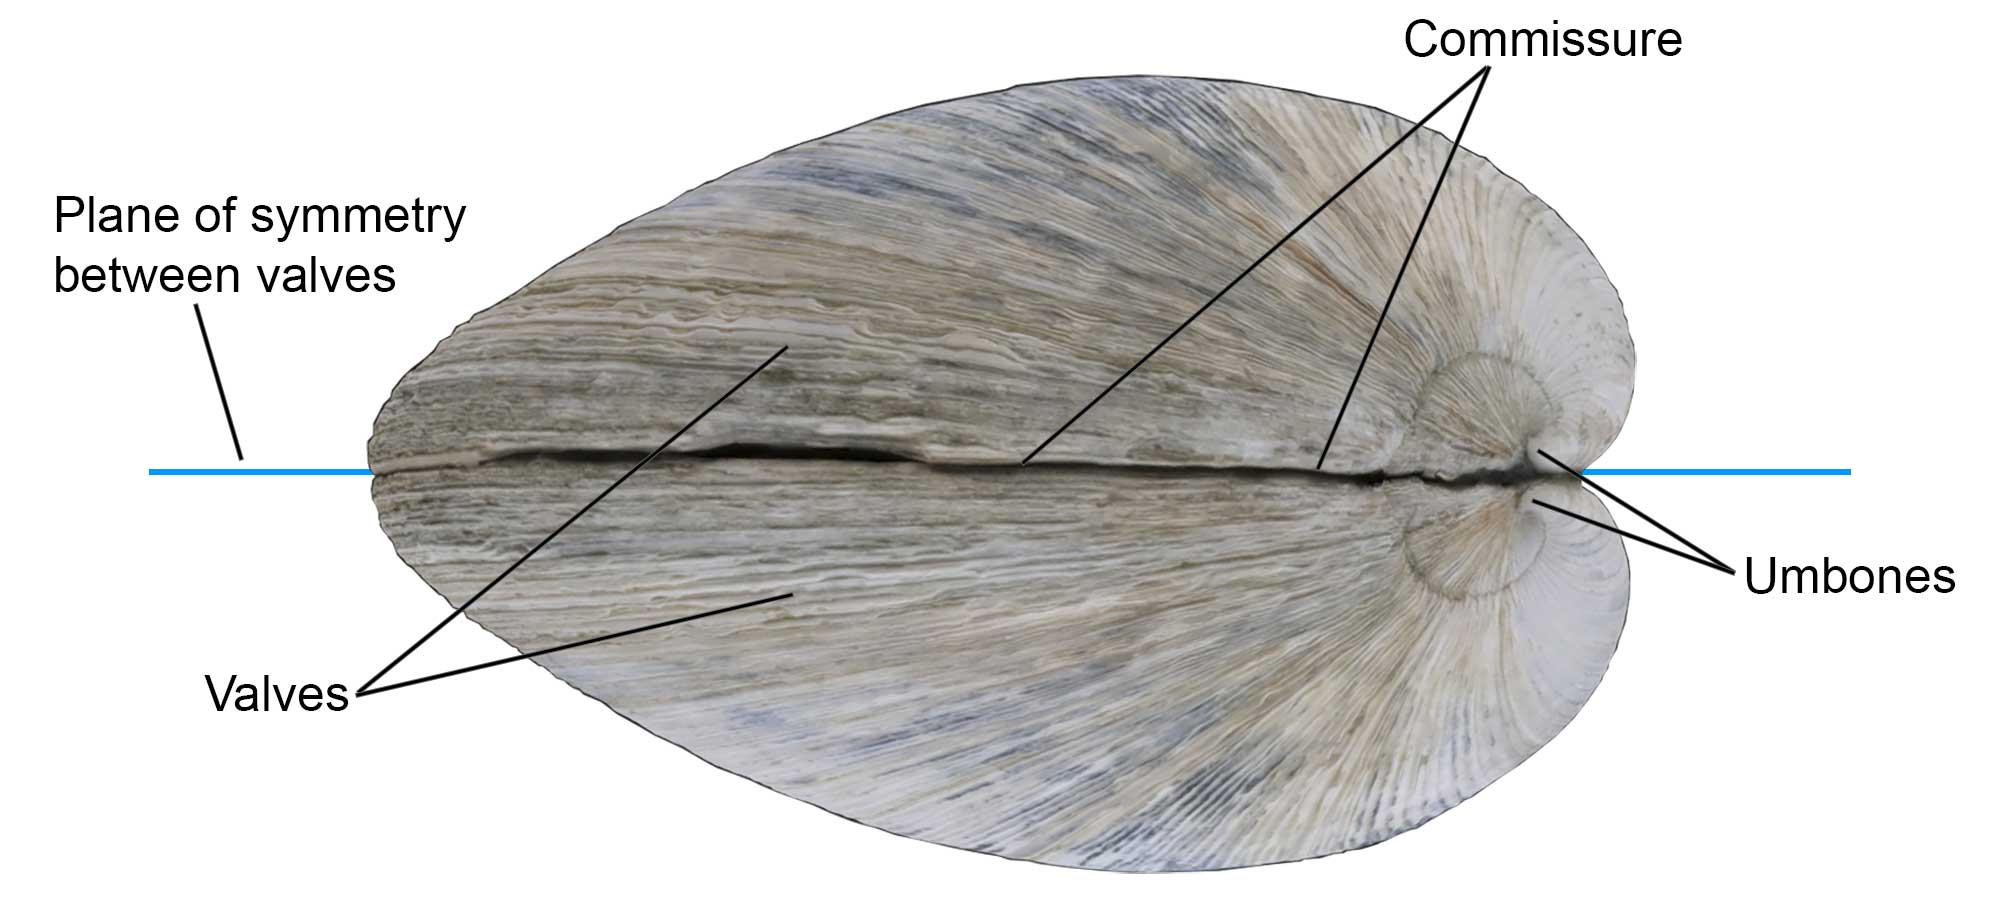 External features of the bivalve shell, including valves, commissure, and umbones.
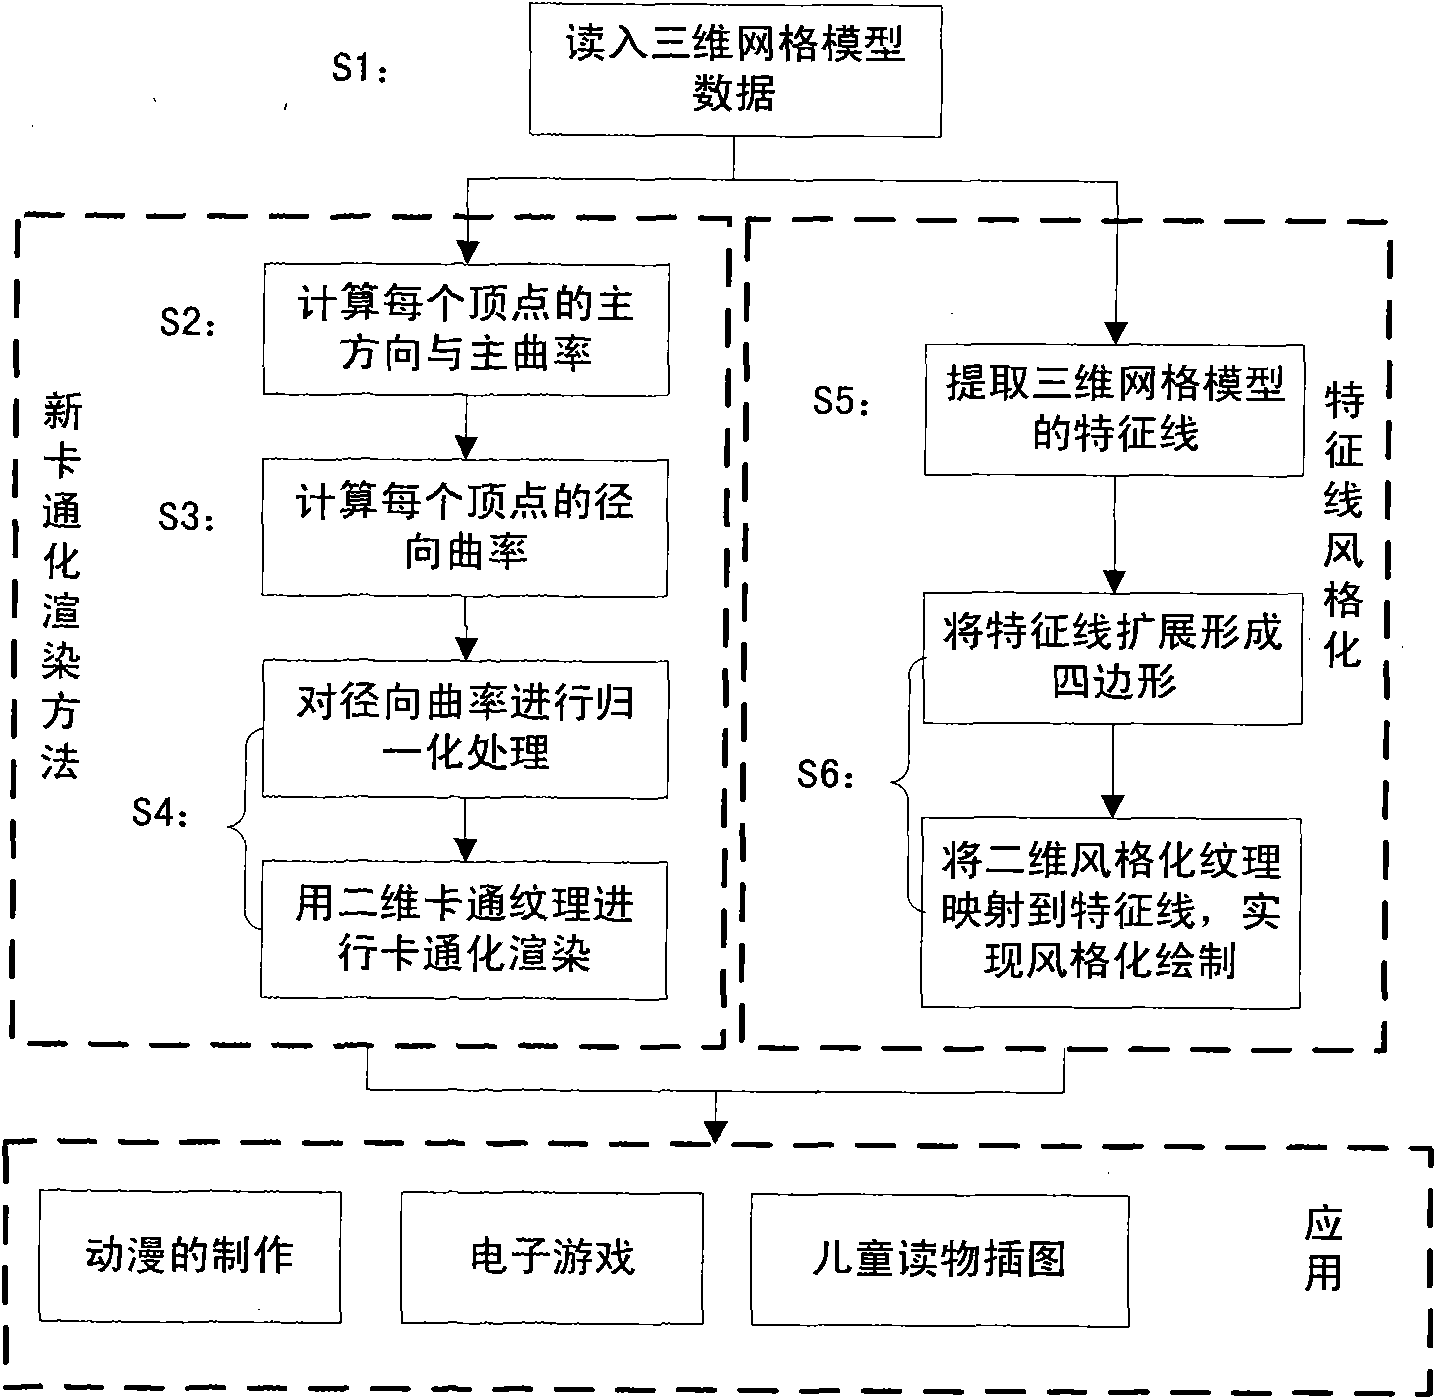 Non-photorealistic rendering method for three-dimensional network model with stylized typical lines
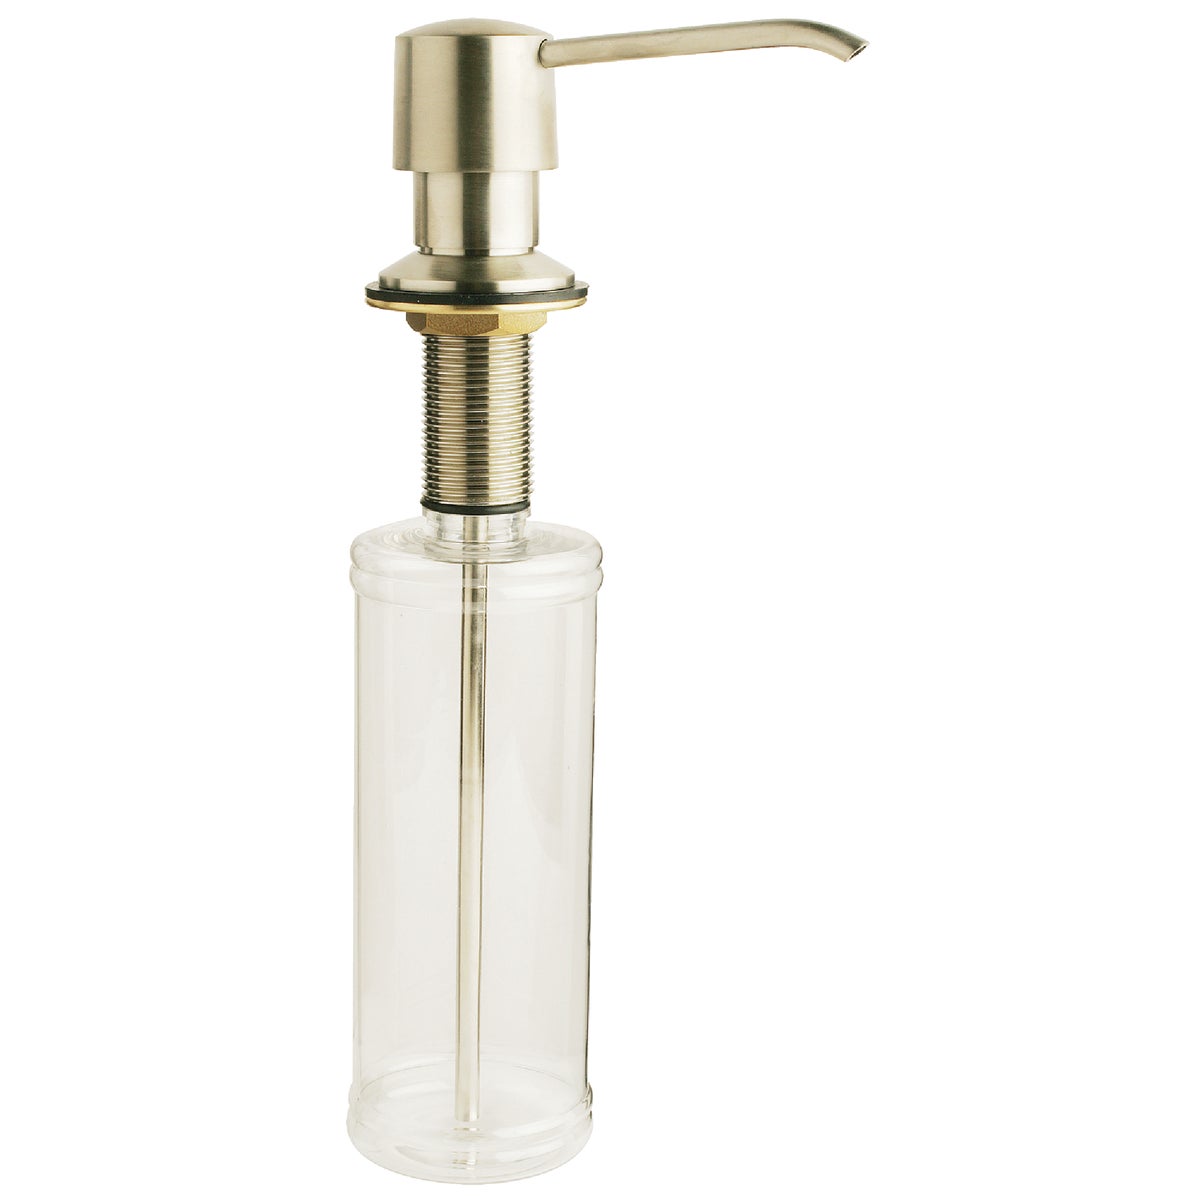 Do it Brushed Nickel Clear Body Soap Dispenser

== == ==

ASSIGNMENT:
Please write every line above out exactly as given, except for any pictures.

FINISHED TASK:
 External features of the bivalve shell, including valves, commissure, and umbones.
 Non-photorealistic rendering method for three-dimensional network model with stylized typical lines
 Do it Brushed Nickel Clear Body Soap Dispenser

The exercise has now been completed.